For the Hand correlation, $x_2^{″}$, $x_3^{″}$ and $x_1^{\prime }$ correspond to the mass composition of phenol in the raffinate phase, the molar composition of heptane or toluene in the raffinate phase, and the mass composition of DES in the extract phase, respectively. For the Othmer–Tobias correlation, $x_1^{″}$ corresponds to the mass composition of DES in the raffinate phase, and the constants a, b, c and d are the fitting parameters. The linear regression data and fitting parameters for both correlations are displayed in

Table 5. Linear regression data and fitting parameters of Hand and Othmer–Tobias correlation for the ternary LLE system.
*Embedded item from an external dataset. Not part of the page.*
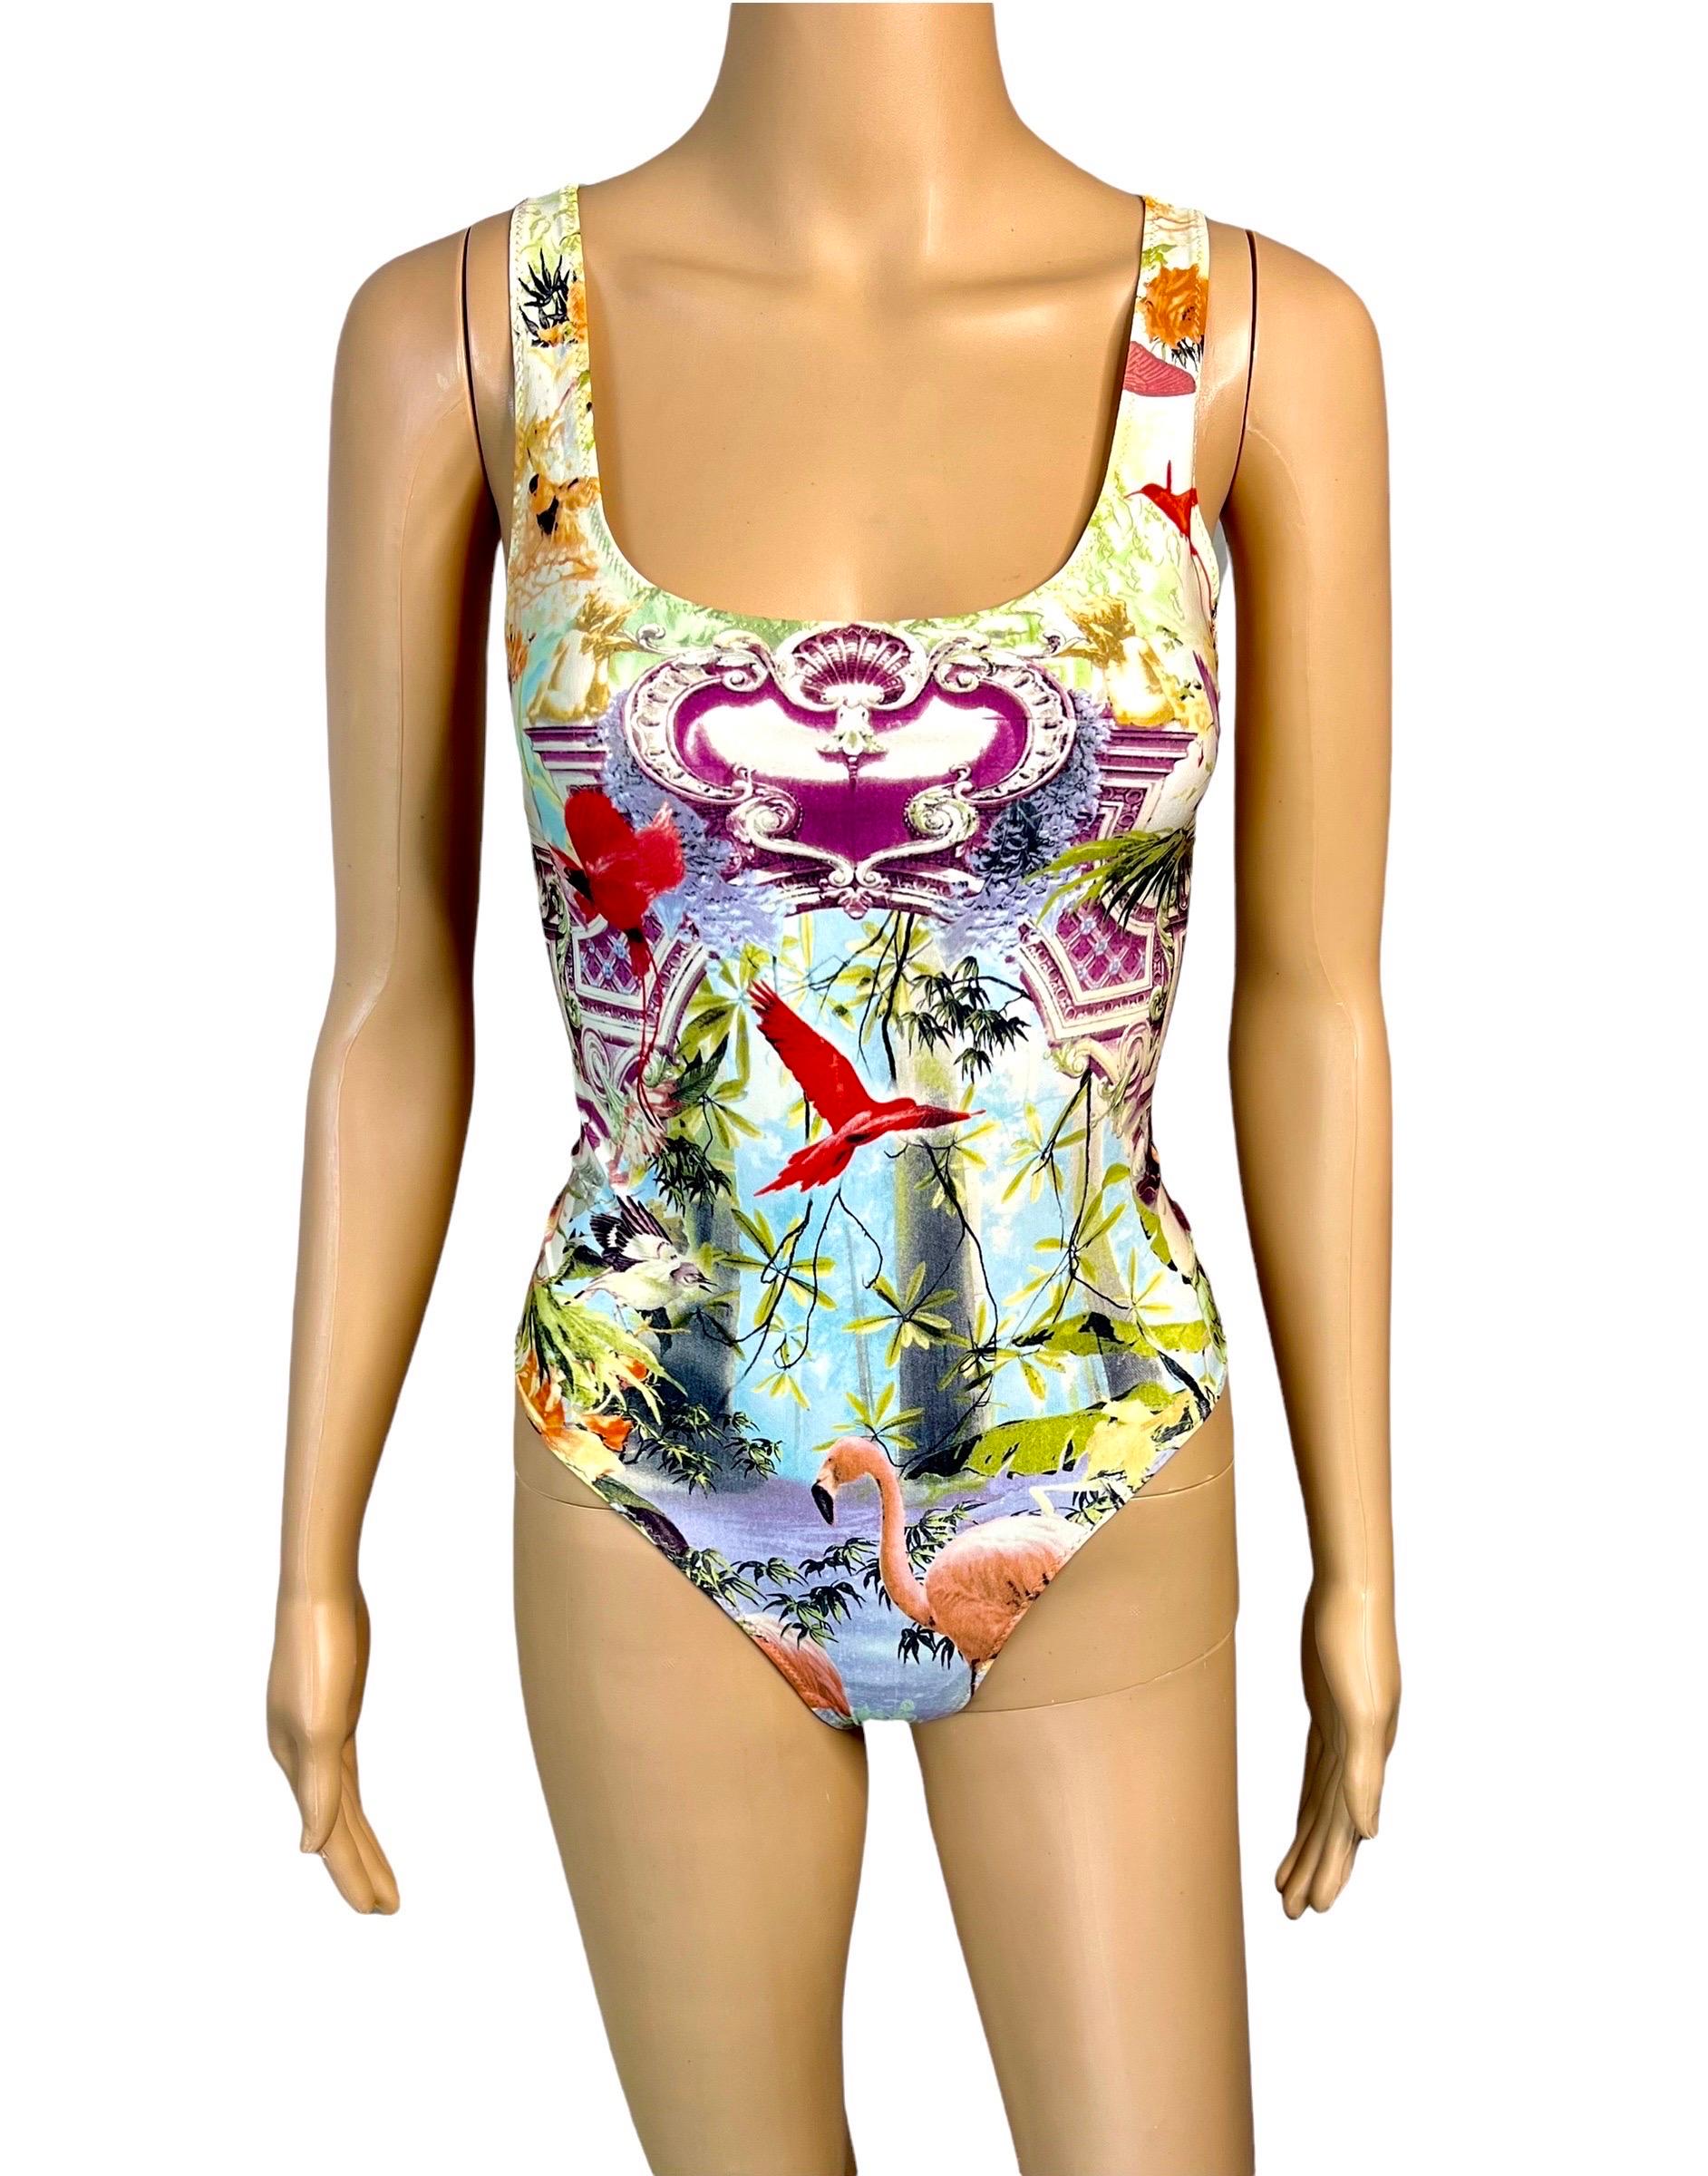 Jean Paul Gaultier Soleil S/S 1999 Flamingo Tropical Bodysuit Swimwear Swimsuit In Excellent Condition For Sale In Naples, FL

Ternary System	Hand			Othmer-Tobias
	a	b	R2	c	d	R2
MTPPBr/EG (1:3) + phenol + toluene	1.046	−4.684	0.998	1.257	−5.144	0.995
MTPPBr/EG (1:3) + phenol + heptane	0.533	−7.714	0.923	0.535	−7.720	0.926
ChCl/MEA (1:5) + phenol + toluene	1.523	−3.243	0.978	1.856	−3.189	0.989
ChCl/MEA (1:5) + phenol + heptane	0.453	−5.505	0.957	0.452	−5.507	0.957

. Both correlations show a linear regression >0.9.

5. Conclusions

In this work, two DESs, MTPPBr/EG and ChCl/MEA, were synthesized at a molar ratio of 1:3 and 1:5, respectively. These DESs were used for the liquid–liquid extraction of phenolic compounds from pyrolysis oil. The ability of the synthesized DESs to selectively extract phenol from model oil were demonstrated as it was possible to extract a large amount of phenol in a single extraction stage, based on the high values of distribution ratio reported from the LLE experiments. To investigate the effectiveness of ammonium- and phosphonium-based DESs in the extraction of phenol from model pyrolysis oil, LLE data of ternary systems were acquired experimentally at 298.15 K and 101 kPa pressure. In the removal of phenol from toluene, ChCl/MEA (1:5) exhibited higher selectivity values than MTPPBr/EG (1:3). This could be due to the fact that the toluene content in the extract phase was higher in the ternary systems containing MTPPBr/EG (1:3) than in the systems containing ChCl/MEA (1:5). Although MTPPBr/EG (1:3) had a higher distribution coefficient for phenolic compounds, it also had a more favorable interaction with toluene compared to ChCl/MEA (1:5). Furthermore, the DESs were not found in the raffinate phase, which showed no cross-contamination. In addition, the performance of COSMO-RS was evaluated, and it was observed that COSMO-RS is a reliable tool for predicting the thermodynamic properties of molecules, such as the activity coefficient at infinite dilution, as well as for screening a wide variety of DESs. This prediction is in qualitative and quantitative agreement with the experimental results. The σ-profile and σ-potential are also useful for explaining the interaction of DESs with phenolic compounds. From the σ-profile and σ-potential generated, it was shown that the DES had good intermolecular interaction with phenol due to the hydrogen bonding, allowing phenol to be extracted. The DES also had high polarity compared to the model oil. All in all, the DES selected via COSMO-RS prediction proved to be a good solvent for efficiently extracting phenol from the model oil.